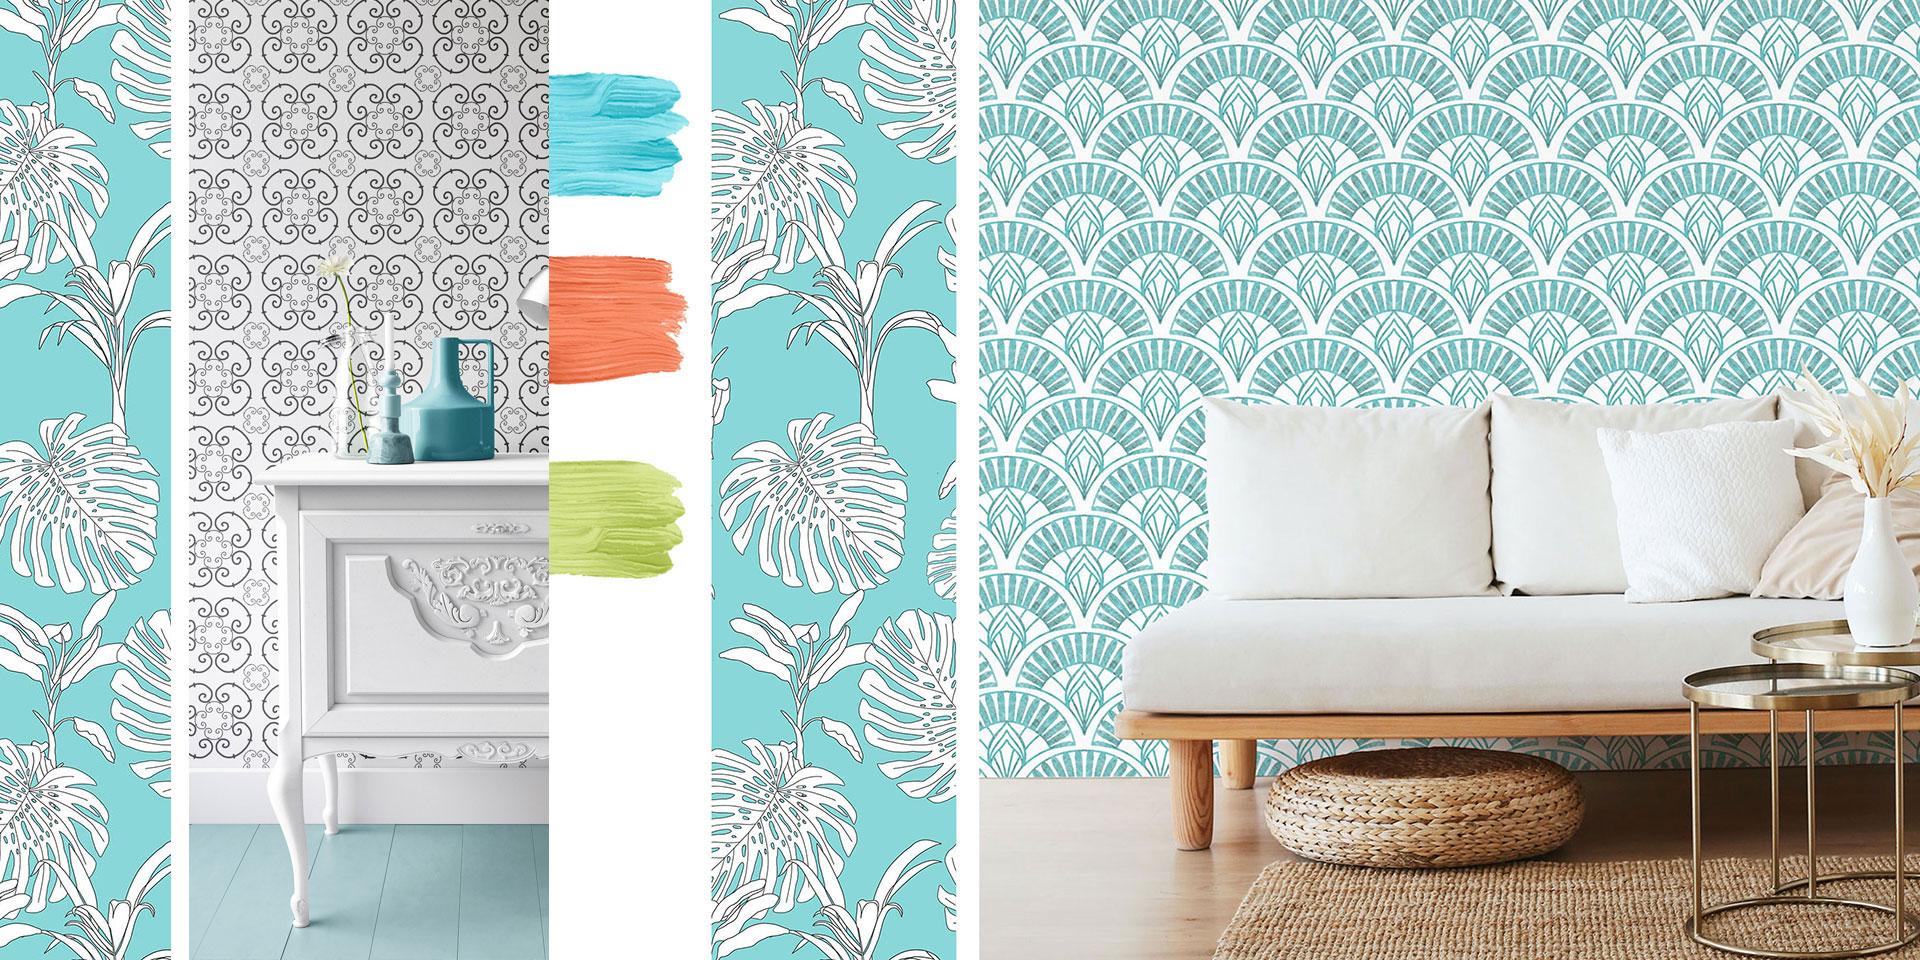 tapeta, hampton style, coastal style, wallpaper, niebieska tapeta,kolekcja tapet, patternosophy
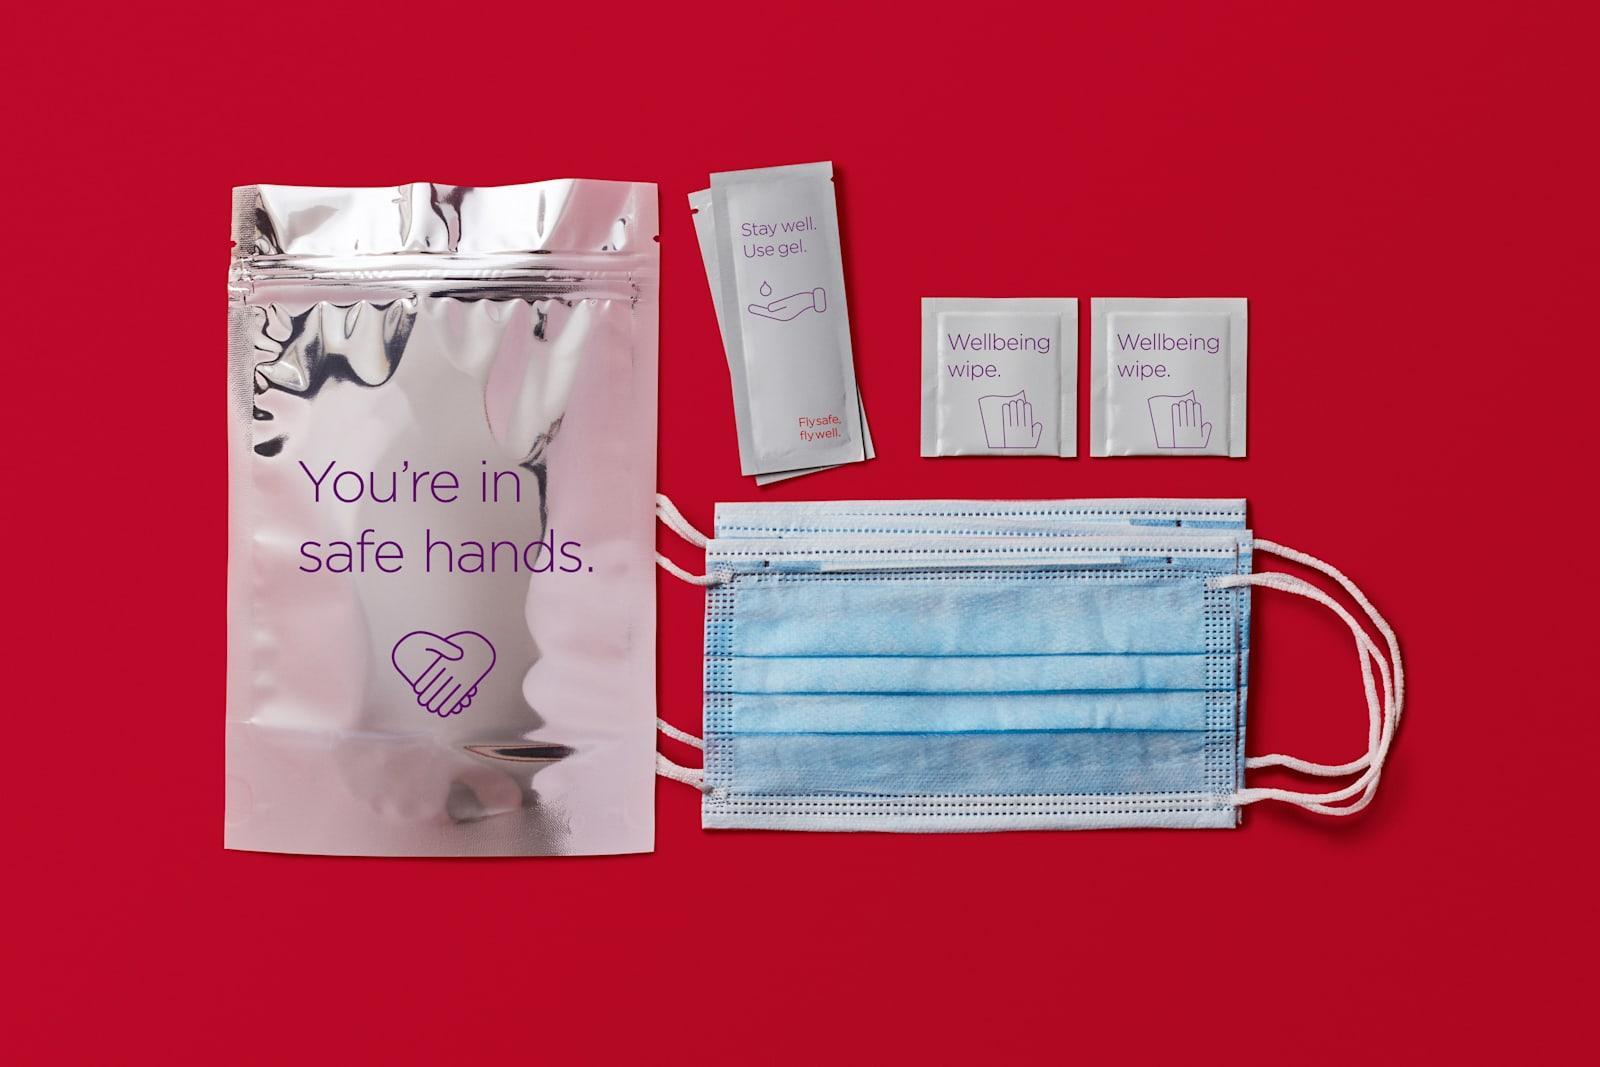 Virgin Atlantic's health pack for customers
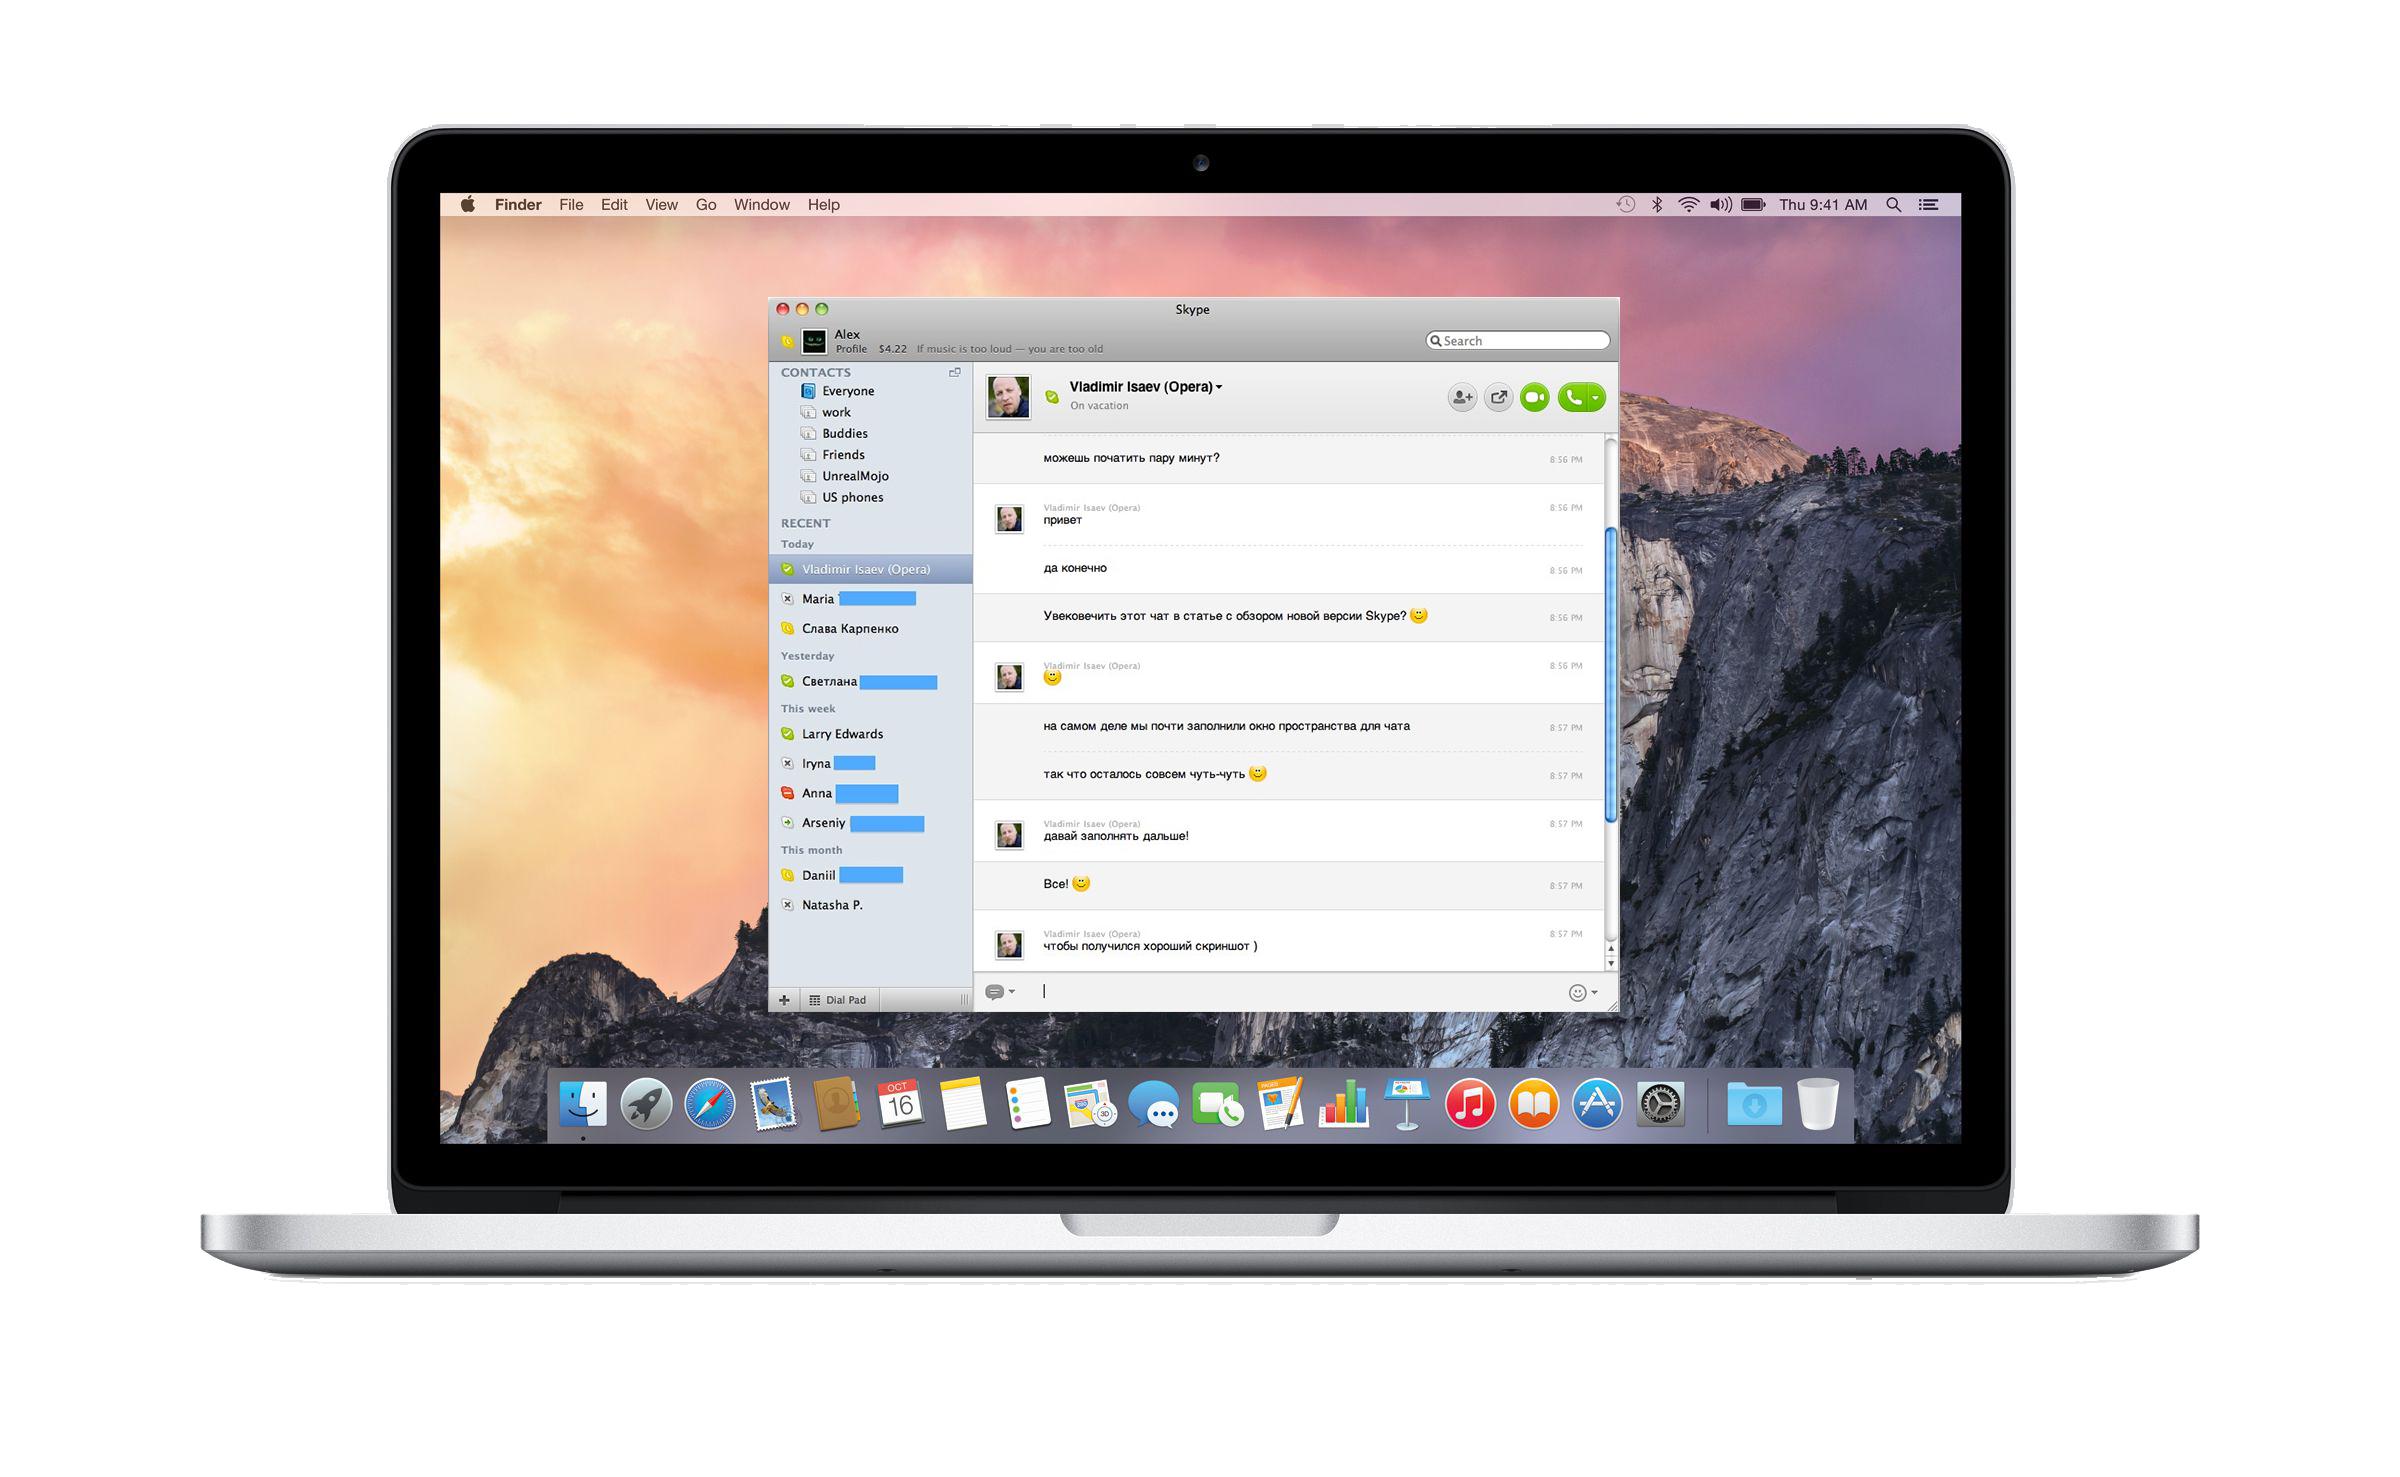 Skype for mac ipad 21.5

........

DESCRIPTION OF THE TASK >>
Repeat every line above exactly, minus the pictures.

EXERCISE ANSWER >>
 tapeta, hampton style, coastal style, wallpaper, niebieska tapeta,kolekcja tapet, patternosophy
 Virgin Atlantic's health pack for customers
 Skype for mac ipad 21.5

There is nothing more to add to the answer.